В доме было много книг. Мадлена читала все подряд. Высокую, бесцветную, болезненную женщину, с тревогой поглядывавшую на свой растущий живот, и ее шуструю, как ящерица, дочку объединили на время герои романов; среди фантастических слухов, исходящих от радио от неба, от травы, между ними установились отношения равной с равной. Они говорили на своем особом языке, не понятном для посторонних, и жили под открытым небом, не сверяясь ни с часами, ни с календарем. Когда на свет появилась сестренка, а об отце по-прежнему ничего не было слышно, Мадлена ухаживала за матерью, помогала крестной, которая приехала по случаю родов. В доме появилась некая Мари, которая нянчила новорожденную, будила по утрам Мадлену, собирала ее в школу, и Мадлена покорно отправлялась на уроки.

Когда после Освобождения крестная потребовала, чтобы ей вернули Мадлену, ей вернули одичавшую, запущенную и начитанную девочку, слишком ребячливую для своих тринадцати лет, но рассуждавшую, как взрослая… С тех пор мать и дочь не переписывались… Отец вернулся. Париж брал свои права, Мадлена росла, блестяще училась. Потом появился Режис.

Итак, они только что поженились и уже год, как спали вместе.

Нет, не будь Режиса, ей никогда не пришло бы в голову вернуться в это прошлое. Можно ли вернуться в привидившийся сон?.. Как он любил эти неоглядные просторы, ковры цветов, розарий, широкое русло реки, где вода стояла лужами меж песчаных отмелей, и они ходили туда купаться, загорали на солнце… Ему нравился дом и сад в удушливом аромате роз, гниющих в траве фруктов и целых массивов душистых цветов. Веревки гамака поскрипывали…

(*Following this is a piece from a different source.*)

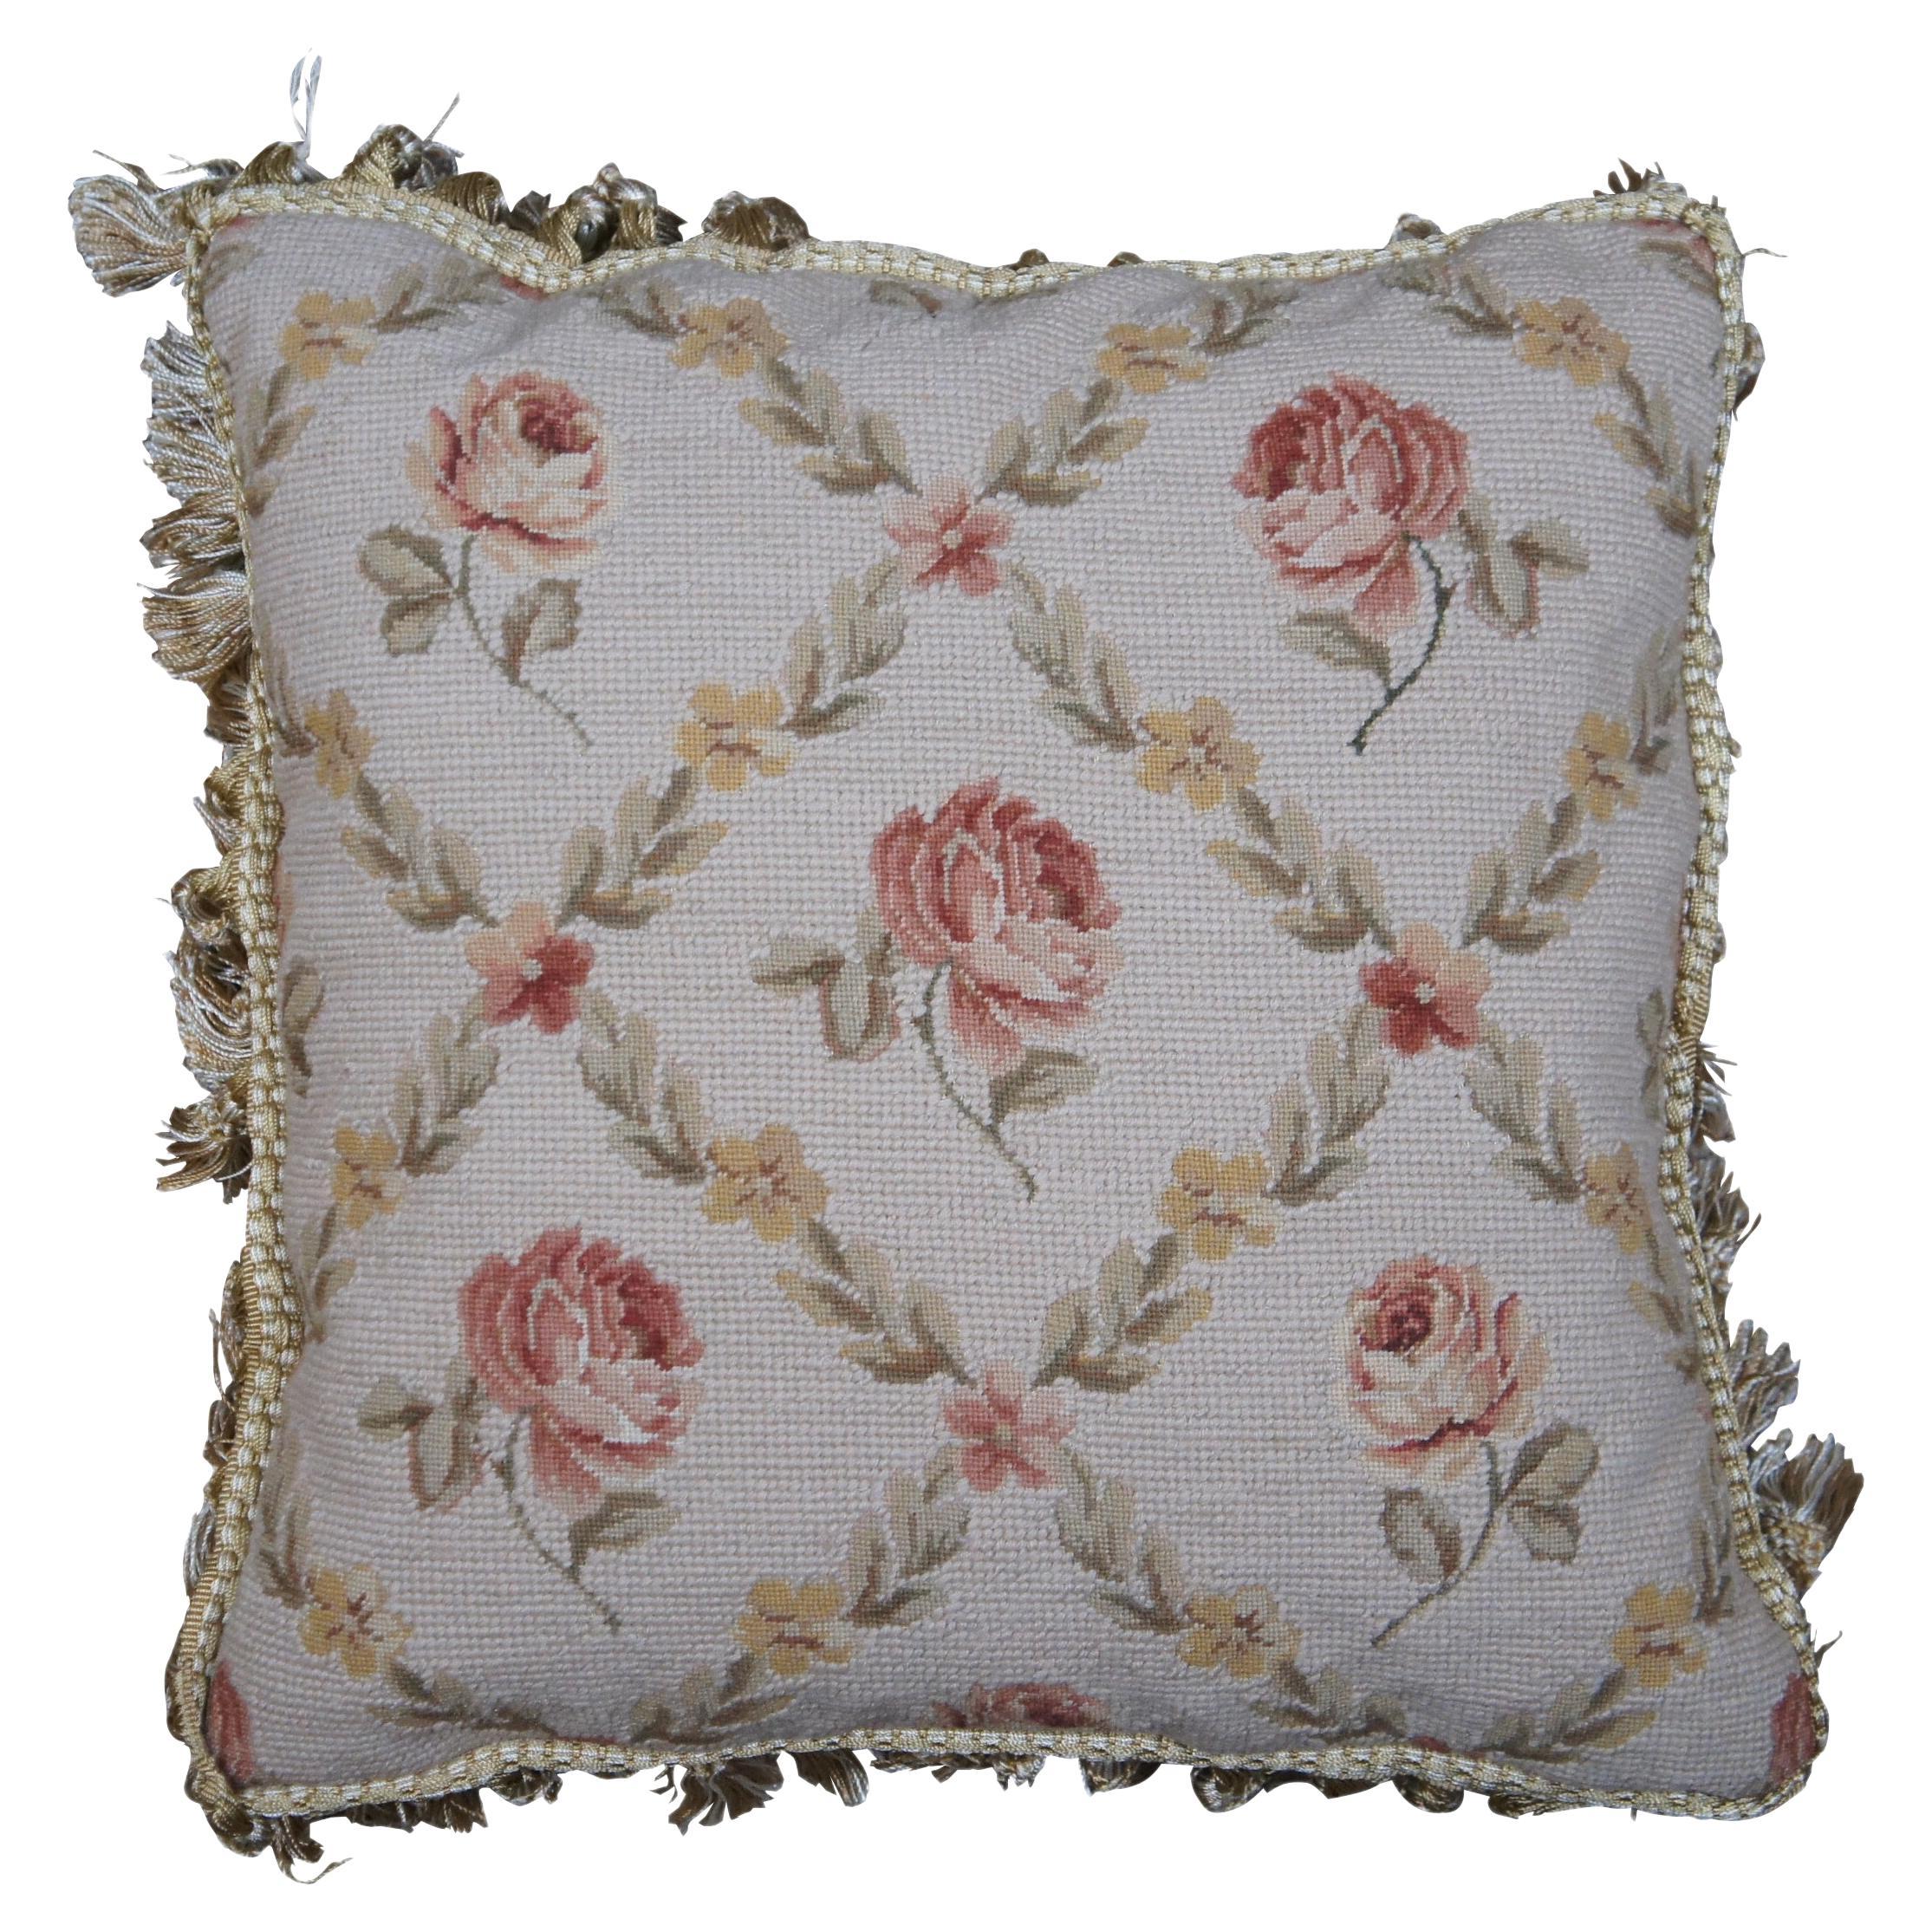 Down Filled Floral Crossed Roses Needlepoint Tassel Lumbar Throw Pillow 16"

Гамак покачивается, веревки скрипят… Мадлена склоняется над рукописью Режиса… Режис уже прибегал в то время к сокращениям, не дописывал в нетерпении слова, хотя почерк его еще не был таким мелким, как позже, и неразборчивым, когда его каракули стало почти невозможно читать. На сей раз то, что не удавалось разобрать, ей подсказывала память — она легко <и быстро разбирала почерк Режиса…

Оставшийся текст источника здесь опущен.